### Task description
Output the lines of the listing below exactly, starting at the line containing "Coal pigment print" and stopping after the last line, with any pictures dropped.

### Data provided
☆ ☆ ☆ ☆ ☆

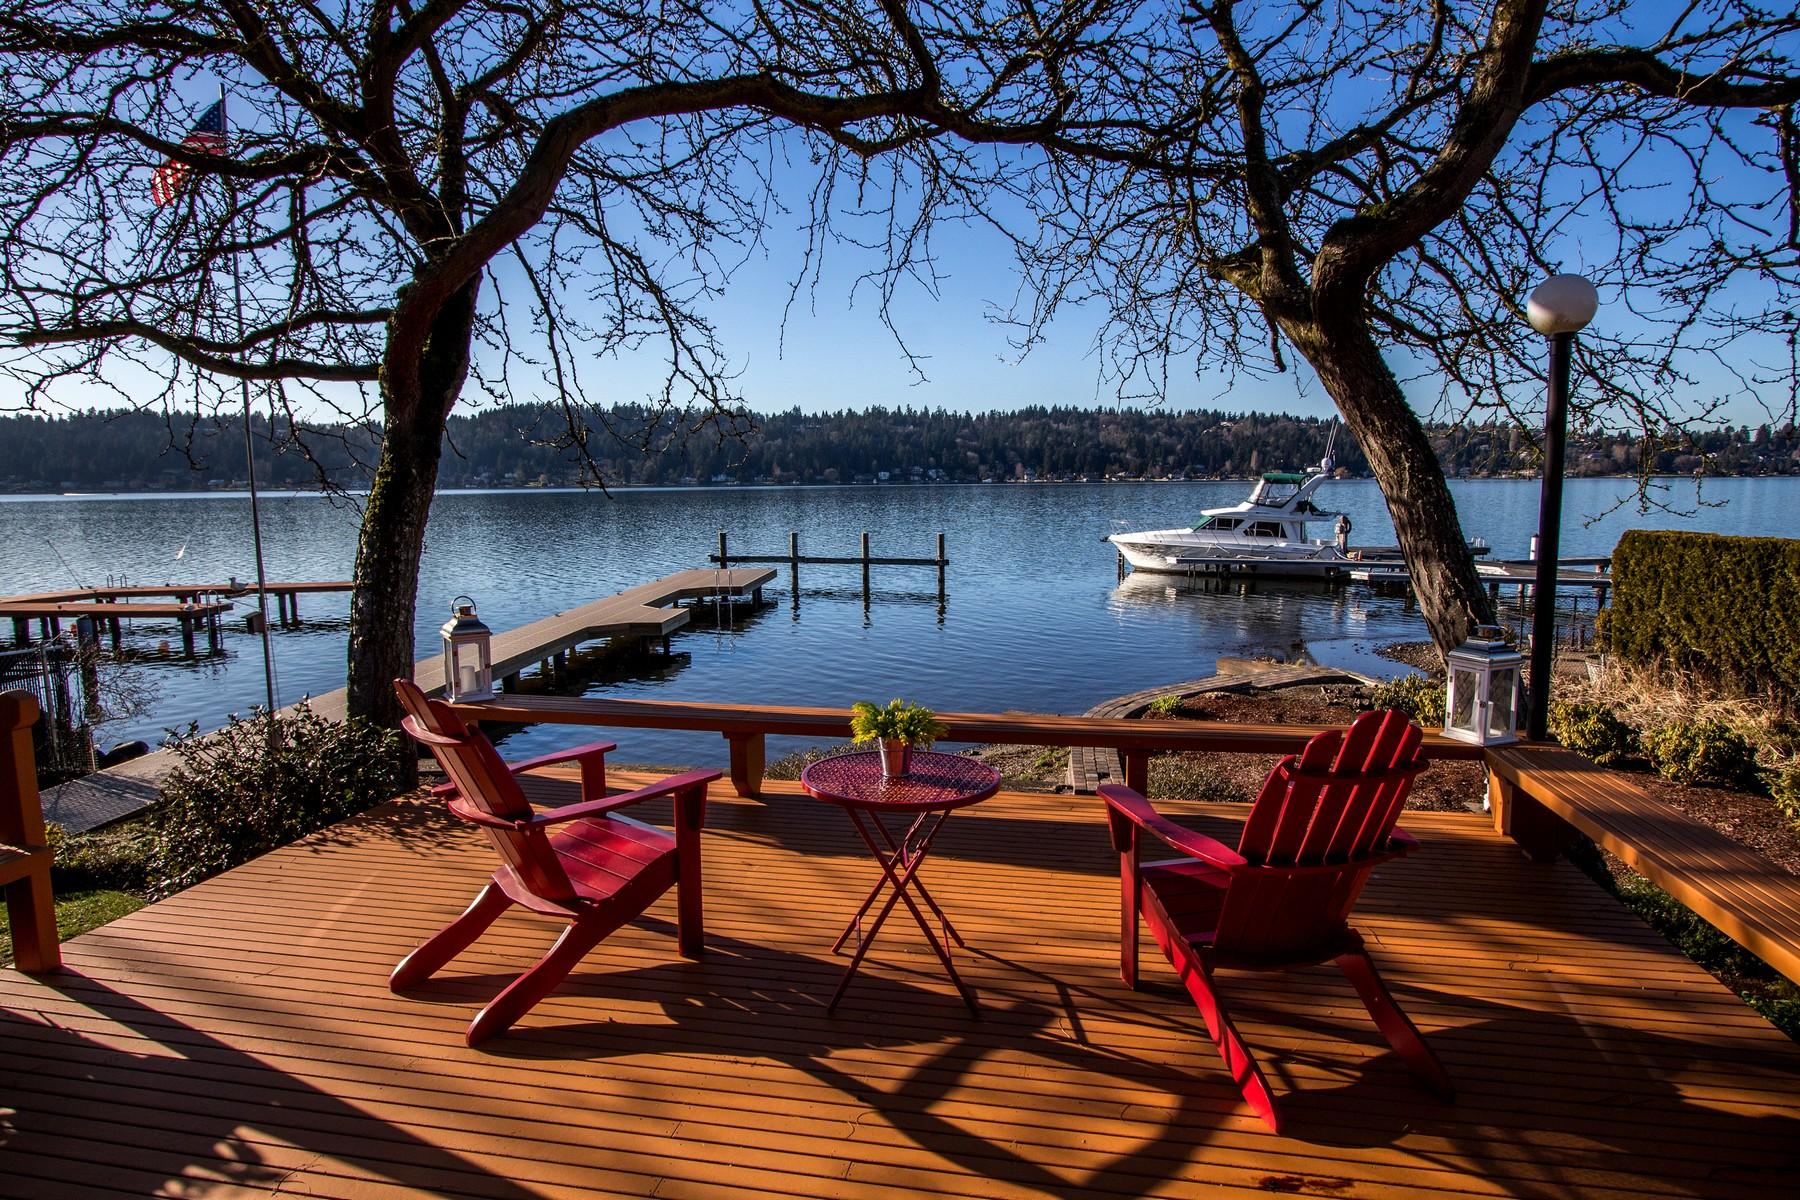 Single Family Home for Sale at Lakehurst Lane Waterfront 4737 Lakehurst Lane Bellevue, Washington 98006 United States
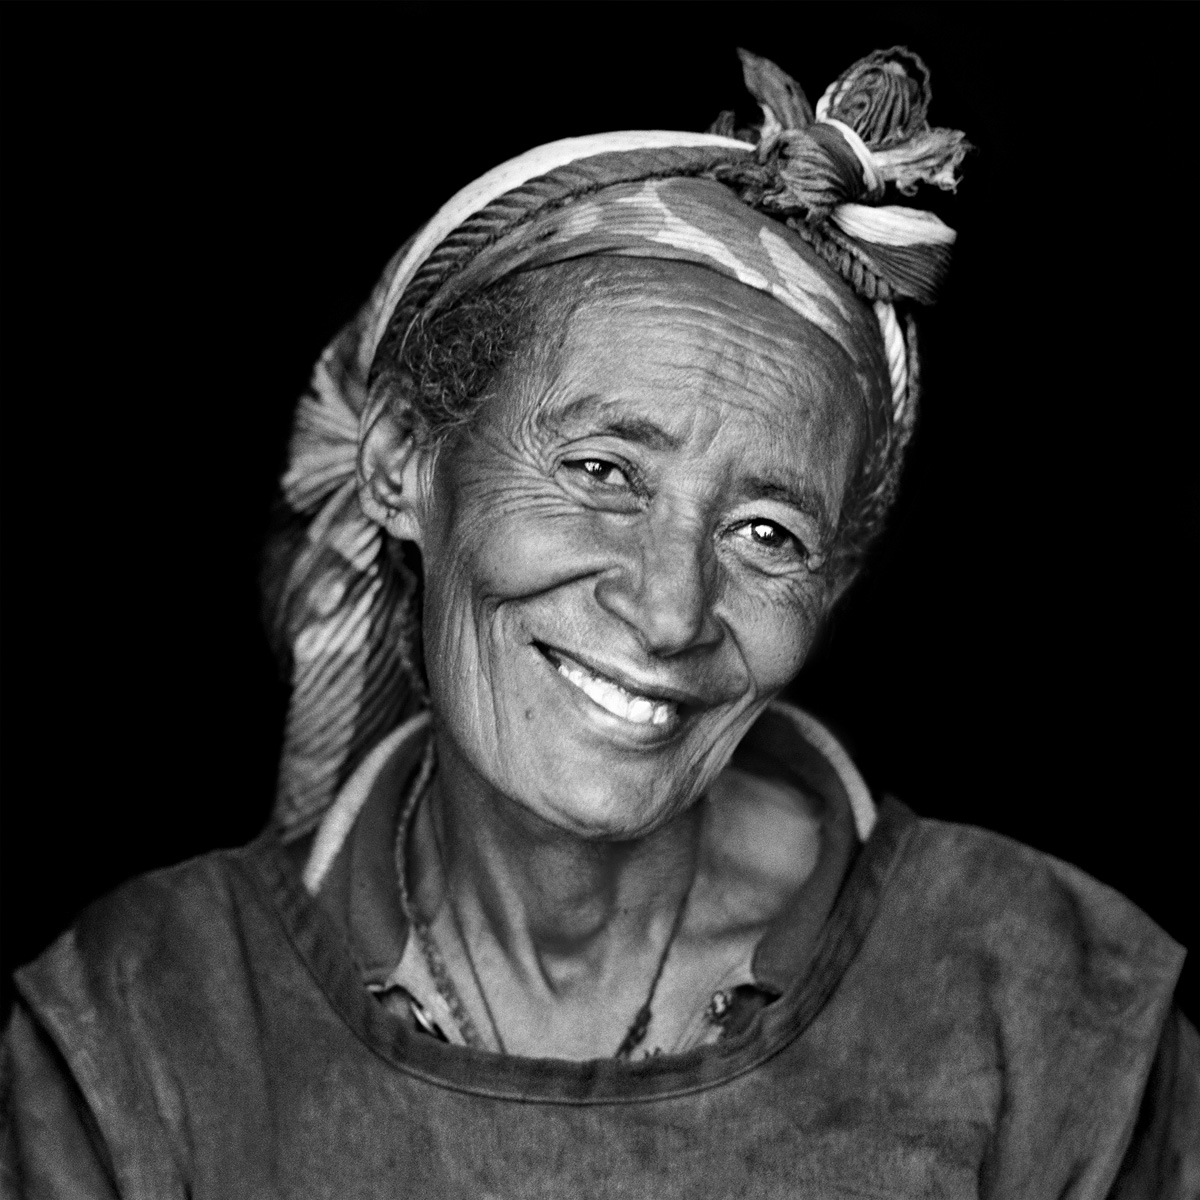 © Christine Turnauer - Worlid, coal merchant, Gondar Market, Ethiopia, 2011, Coal pigment print
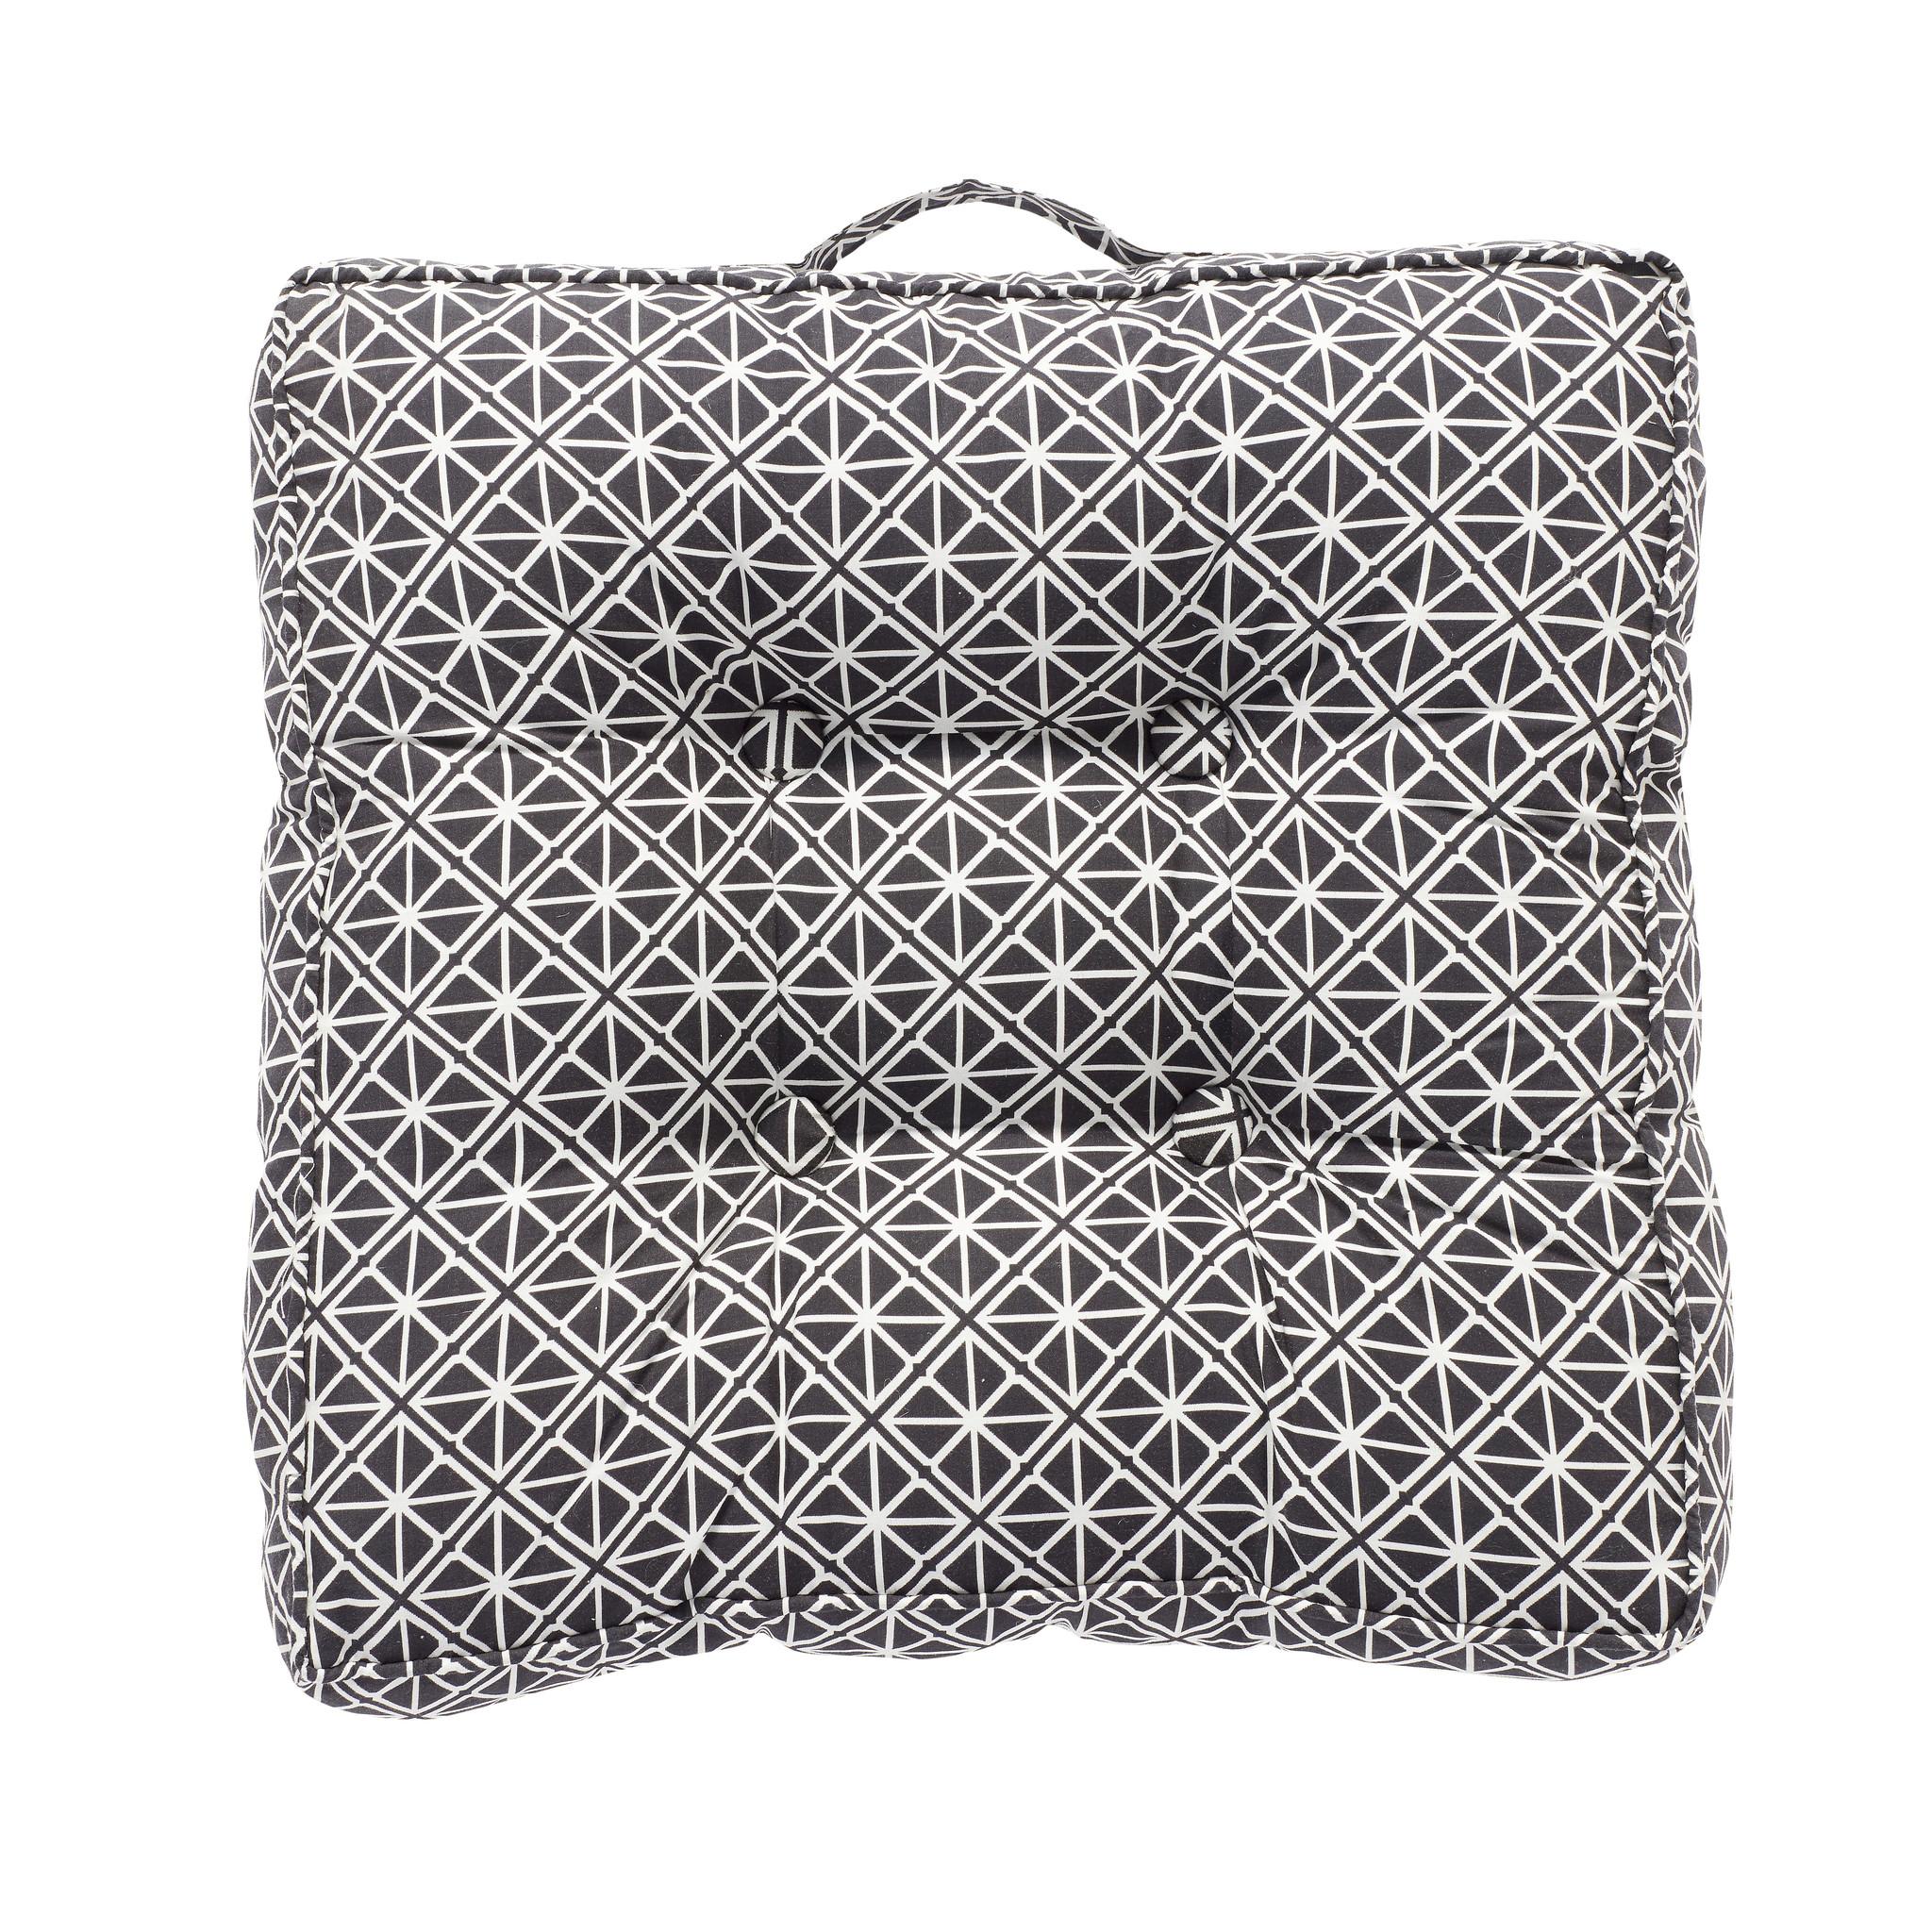 Hubsch Kussen met handvat / patroon, zwart / wit

☆ ☆ ☆ ☆ ☆

### Exercise result
 © Christine Turnauer - Worlid, coal merchant, Gondar Market, Ethiopia, 2011, Coal pigment print
 Hubsch Kussen met handvat / patroon, zwart / wit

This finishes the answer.